───── AVAILABLE DATA
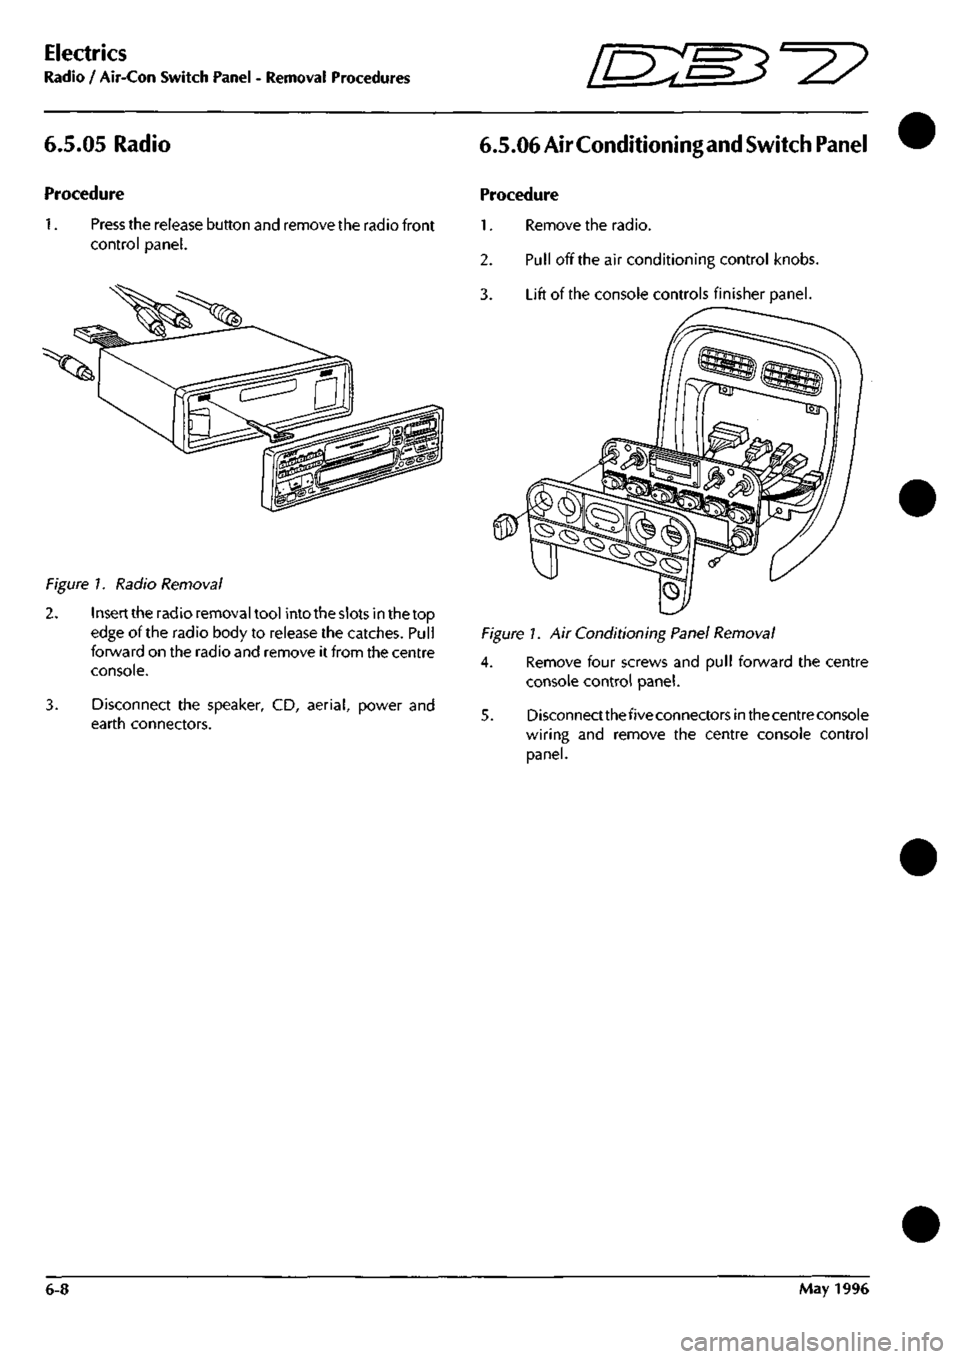 ASTON MARTIN DB7 1997 User Guide 
Electrics 
Radio / Air-Con Switch Panel - Removal Procedures [D:m3^^2? 
6.5.05 Radio 
Procedure 

1.
 Press the release button and remove the radio front 
control panel. 

Figure
 /. Radio Removal 

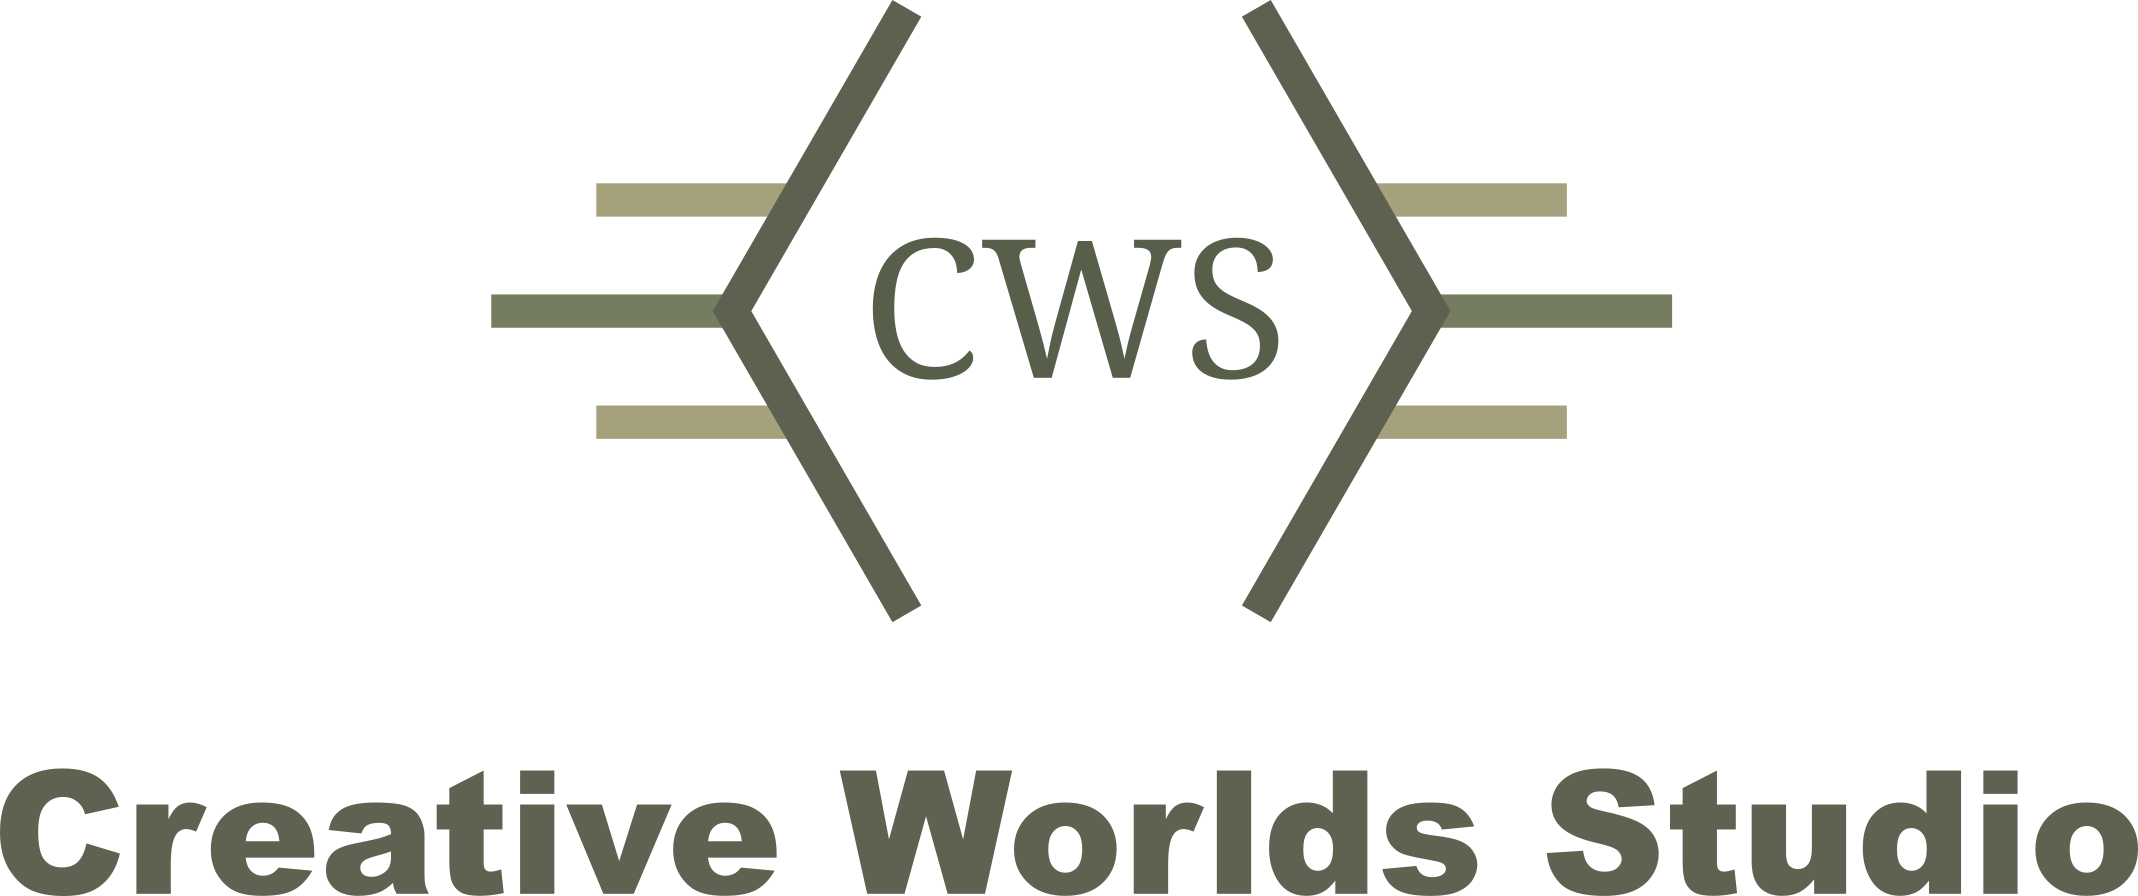 Logo de l'équipe : Creative Worlds Studio.
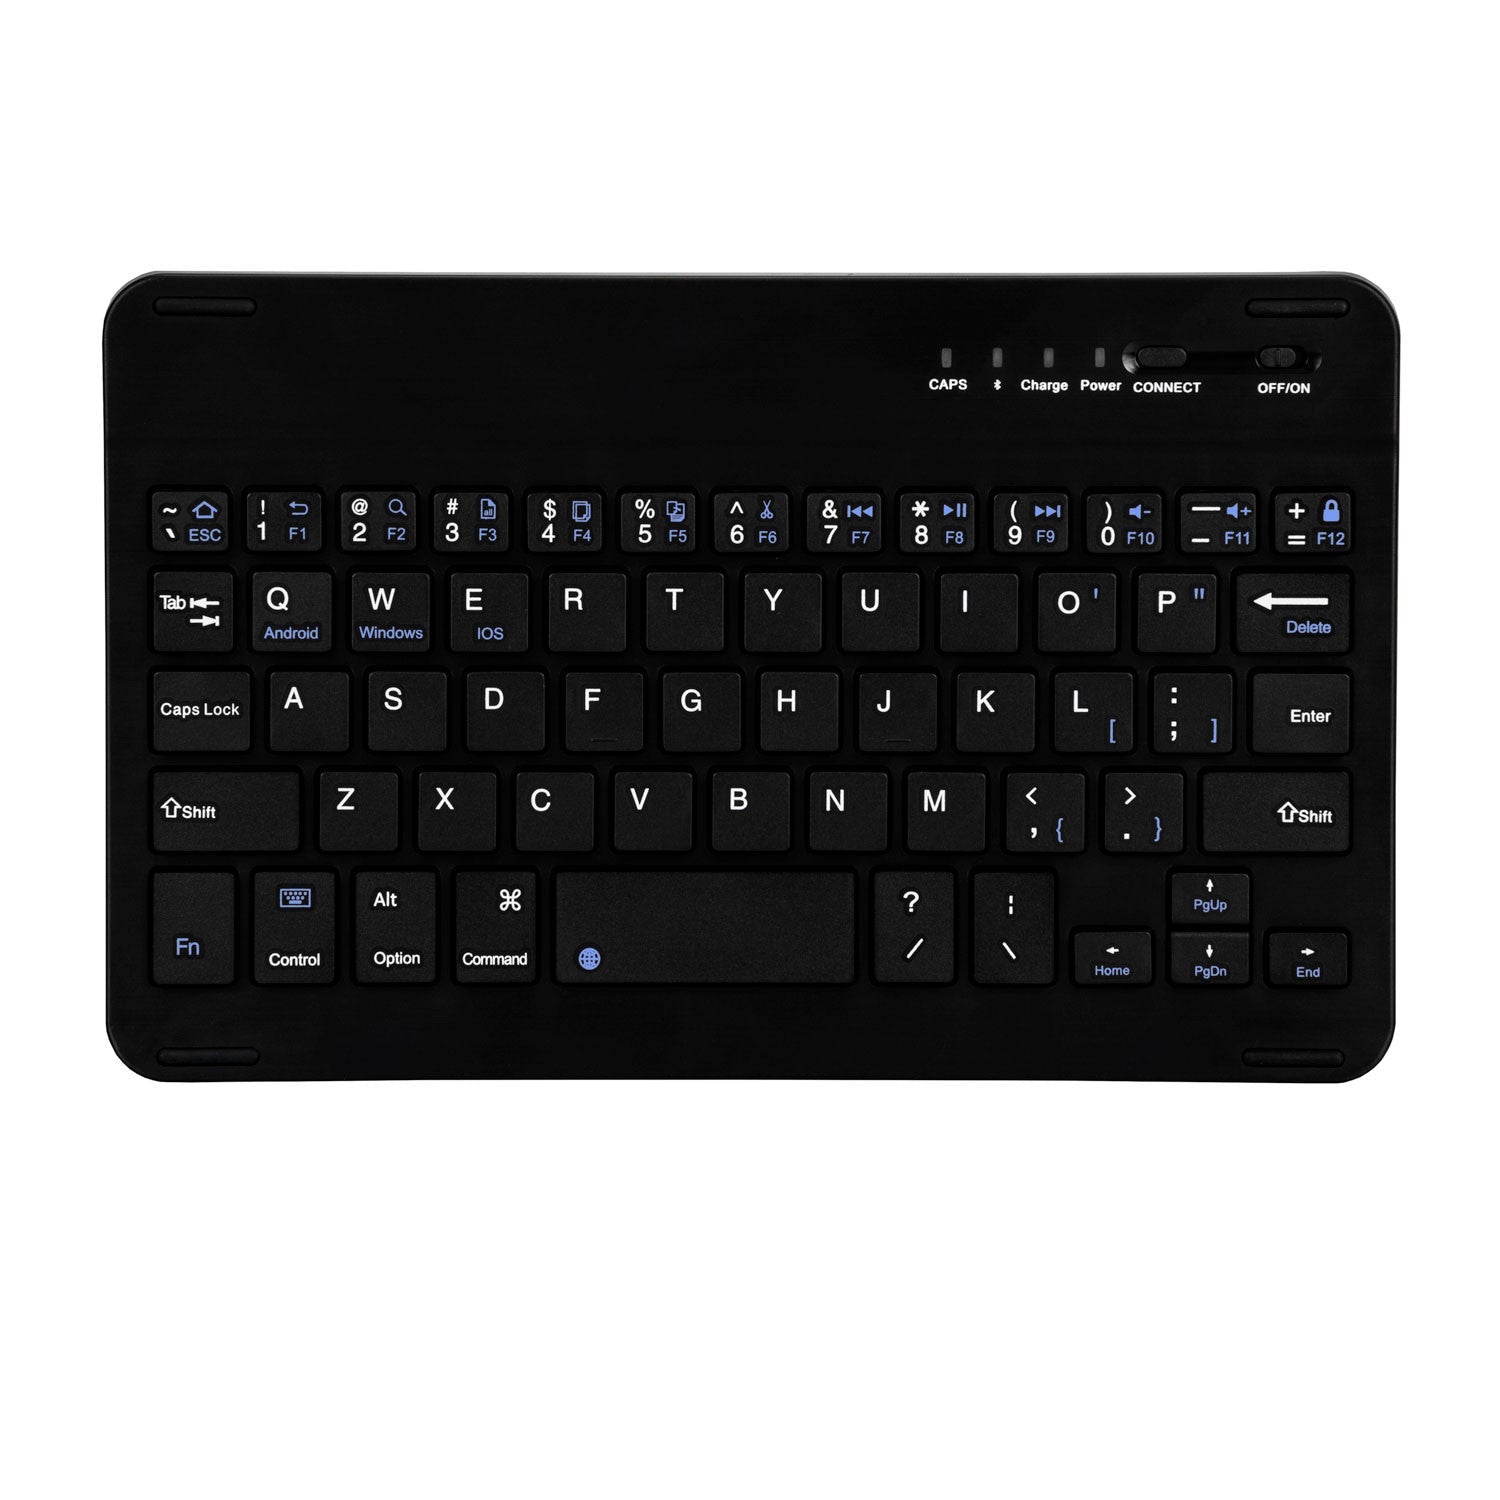  Qwecfly Teclado inalámbrico retroiluminado, ultra delgado de  tamaño completo con teclado numérico, 2.4 GHz, silencioso y recargable,  elegante teclado plano de perfil bajo para PC, superficie, laptop, :  Electrónica
──────────
TASK DESCRIPTION> An exact printout of the entries is wanted, covering the first line through the line holding "Logo de l'équipe : Creative Worlds Studio.", with pictures kept out of it.

TASK ANSWER>
 ASTON MARTIN DB7 1997 User Guide 
Electrics 
Radio / Air-Con Switch Panel - Removal Procedures [D:m3^^2? 
6.5.05 Radio 
Procedure 

1.
 Press the release button and remove the radio front 
control panel. 

Figure
 /. Radio Removal 

 Logo de l'équipe : Creative Worlds Studio.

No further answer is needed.